Equipment and Utilities
According to HK Laundry Equipment, an average size coin-operated laundromat requires about 26 commercial washers and 26 dryers. For washers, front-loading equipment not only is more energy-efficient but also produces cleaner clothes. Consider your target market in deciding how to apportion sizes for washers, which include 20, 30, 40, 60, 80 and 100 pounds. For dryers, the California Energy Commission reports that gas dryers are more energy-efficient, and 30 pounds is the most common size. Utilities requirements for an average-size laundromat are a 1.5-inch to 2-inch water line, 2 million BTUs per hour of natural or LP gas, a 4-inch to 6-inch waste line and 200 amps of 208 to 240 volts of electricity.

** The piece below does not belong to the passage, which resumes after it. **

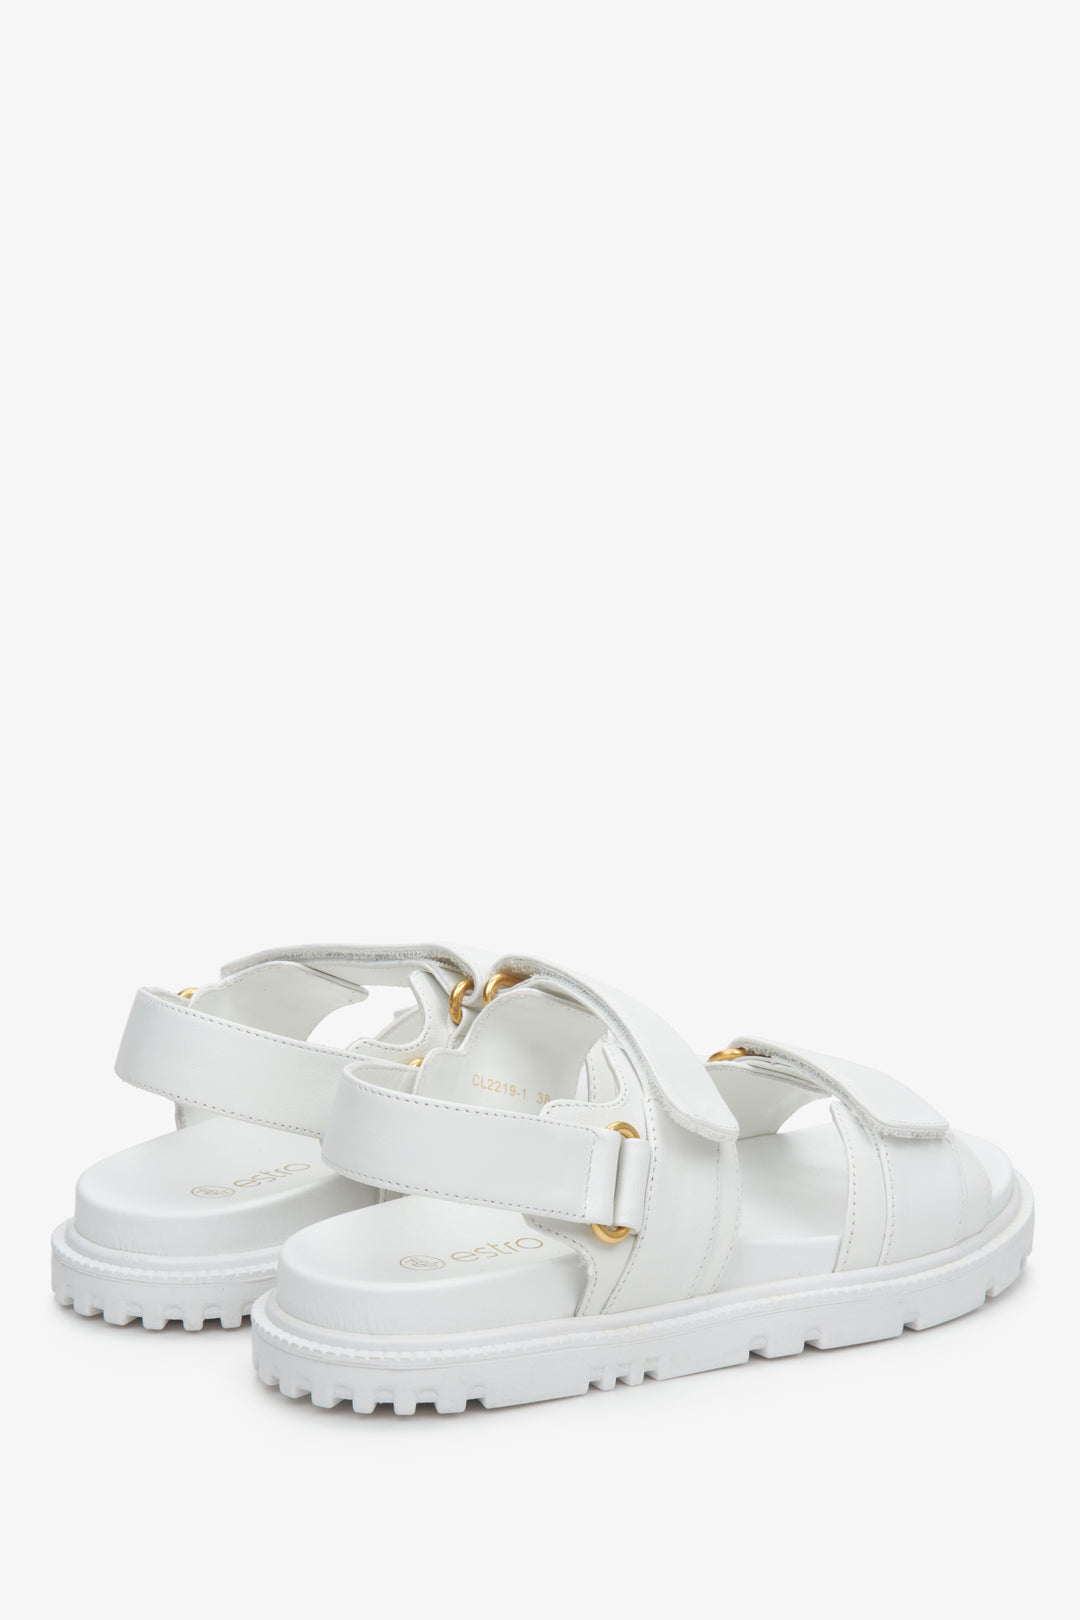 Women's white leather sandals with a soft sole and gold elements - close-up on the side and heel line.

Irving Weber Associates, a specialized insurance provider, says that although fires represent the biggest financial risk, slips and falls are the most common risks. In addition to general liability insurance, you’ll also need coverage that pertains specifically to laundry businesses. For most businesses, this includes property, equipment breakdown and customer goods coverage. If you’re considering whether to staff your facility with full-time attendants, note that that an unattended store poses greater insurance risks. In addition, without an employee witness, claims from slip and fall accidents or theft can be more difficult to defend.
Safety and Security
Develop policies and procedures that focus on safety and security before the business opens. For example, preventative maintenance procedures such as regularly inspecting lint screens and cleaning out duct work are vital to reducing the chances for dryer fires. Install alarms on coin changers, point video surveillance cameras on the changer, and use signage to inform customers that cameras are present and recording. Train employees on fire safety procedures, such as using fire extinguishers and emergency shut-off switches on laundry equipment correctly.